* _Information shown_
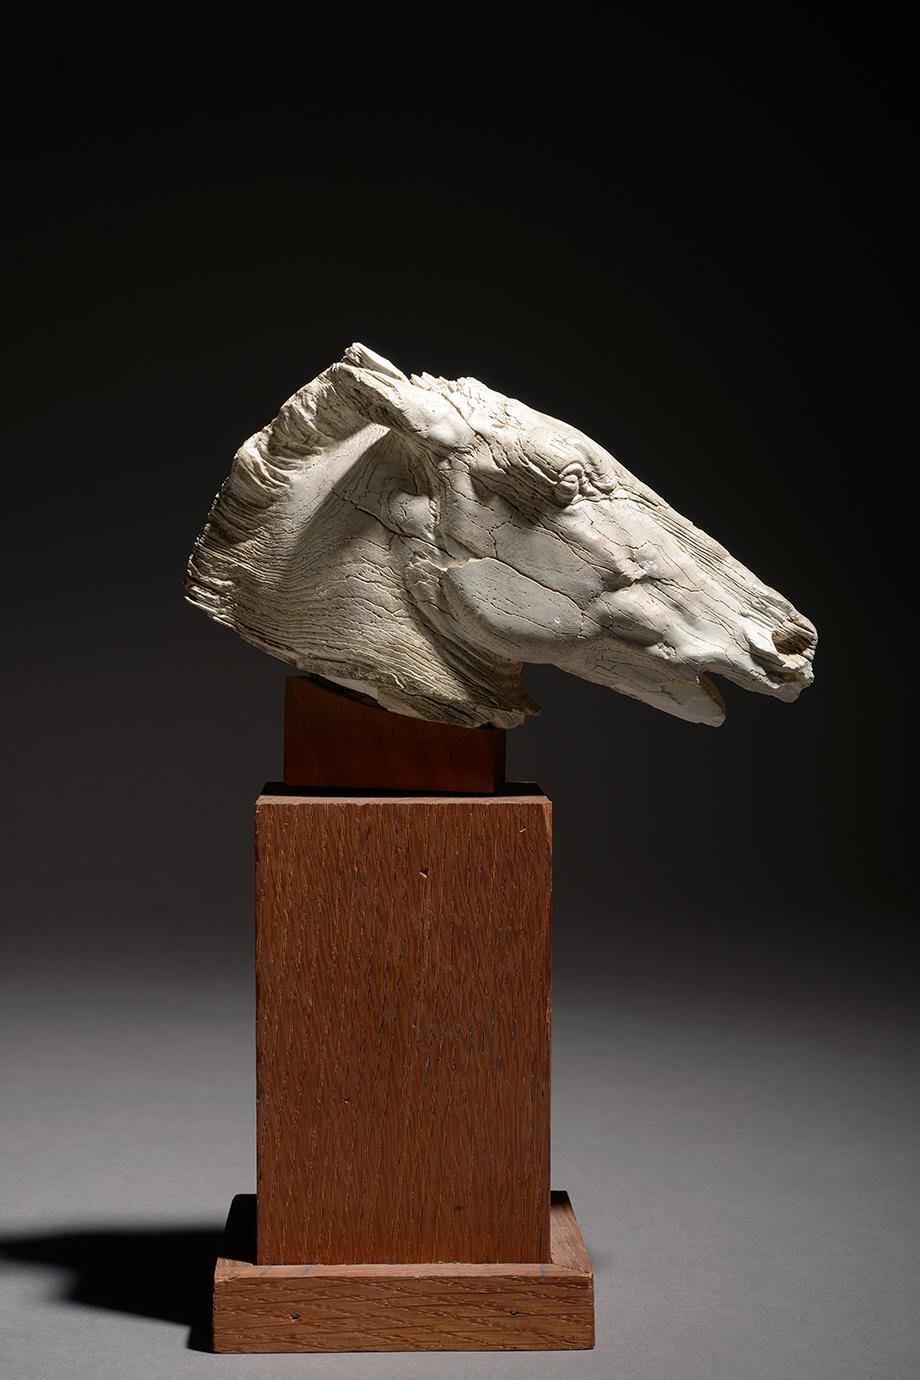 C'est la première fois qu'une pièce en ivoire aussi importante est mise sur le marché.
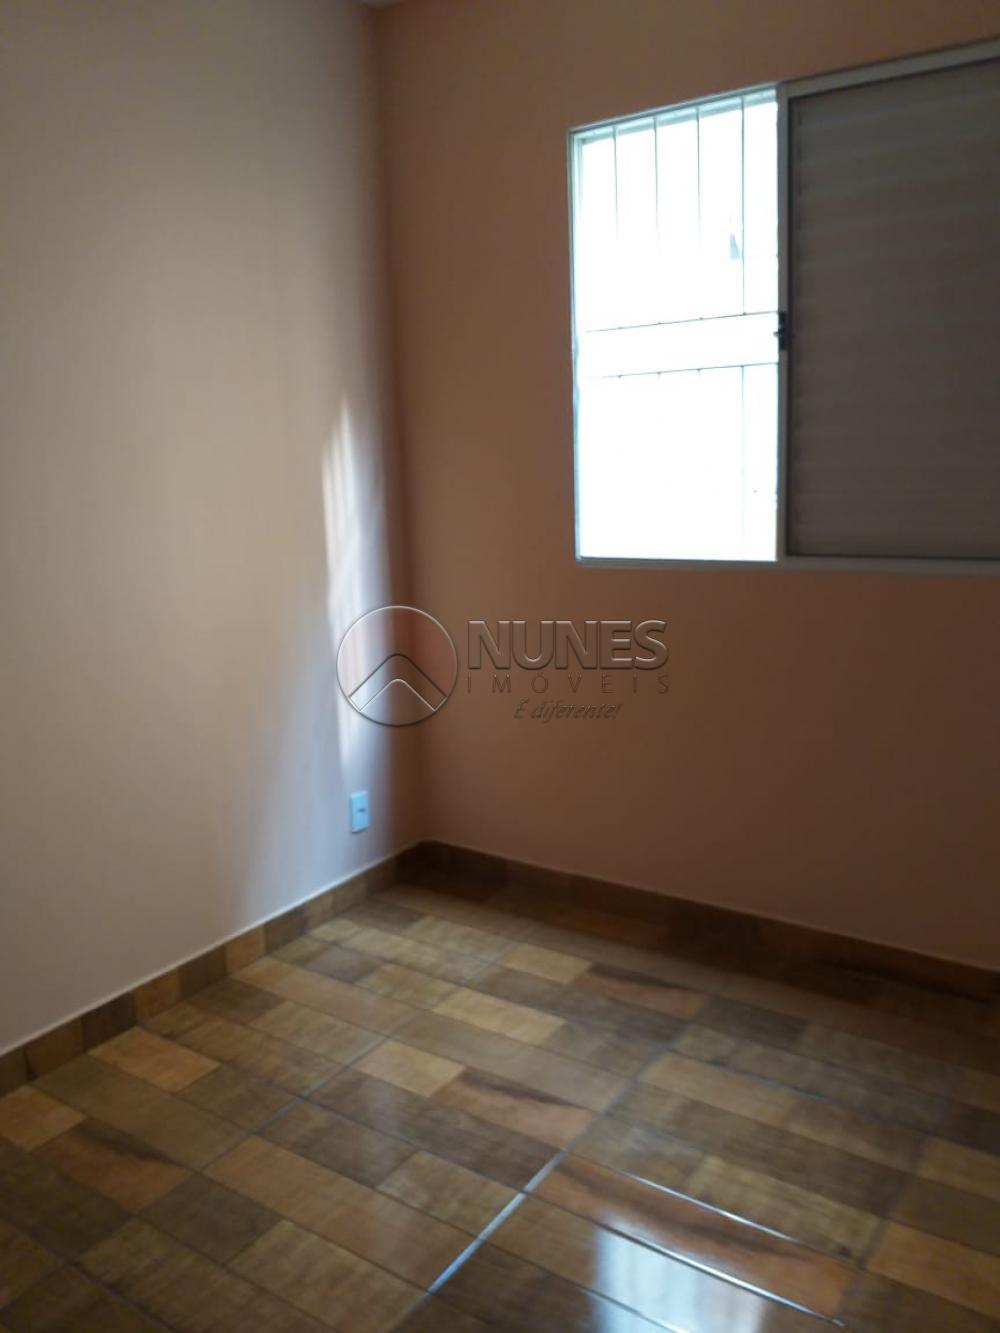 Comprar Apartamento / Padrão em Jandira apenas R$ 170.000,00 - Foto 7
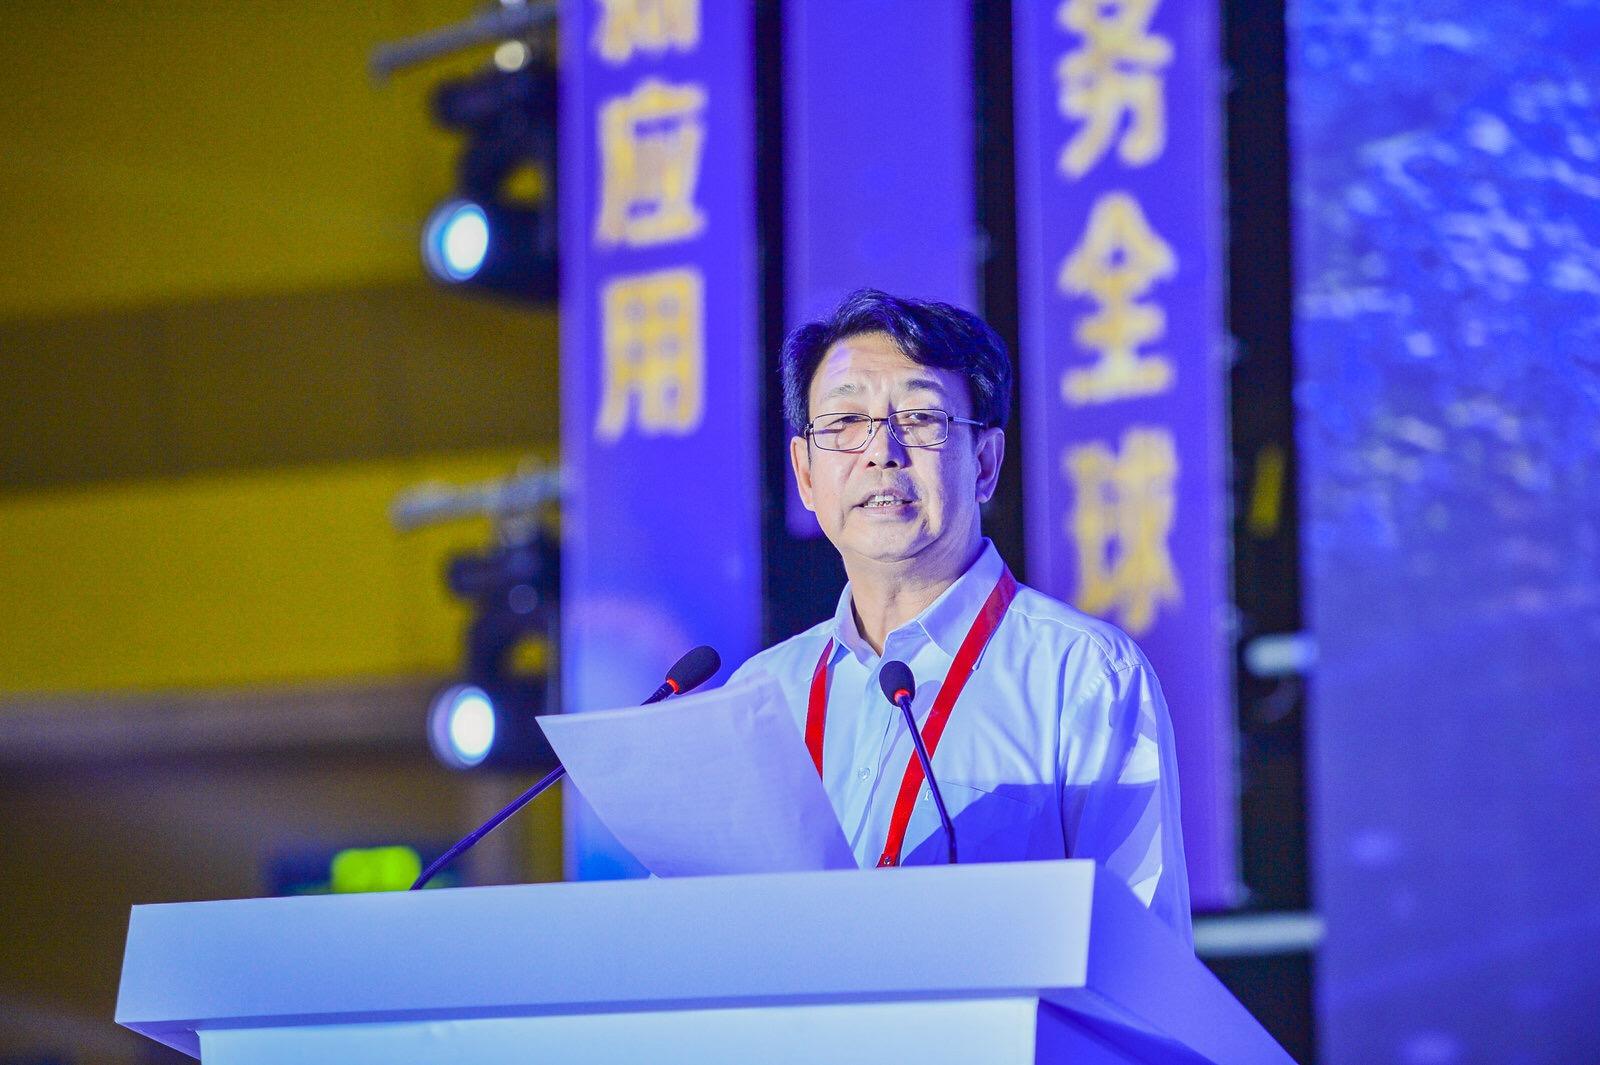 中位协会长于贤成在中国卫星导航与位置服务第八届年会暨中国北斗应用大会上讲话

* _Exercise brief_
Return each line above exactly; any pictures are to be skipped.

* _Solution_
 C'est la première fois qu'une pièce en ivoire aussi importante est mise sur le marché.
 Comprar Apartamento / Padrão em Jandira apenas R$ 170.000,00 - Foto 7
 中位协会长于贤成在中国卫星导航与位置服务第八届年会暨中国北斗应用大会上讲话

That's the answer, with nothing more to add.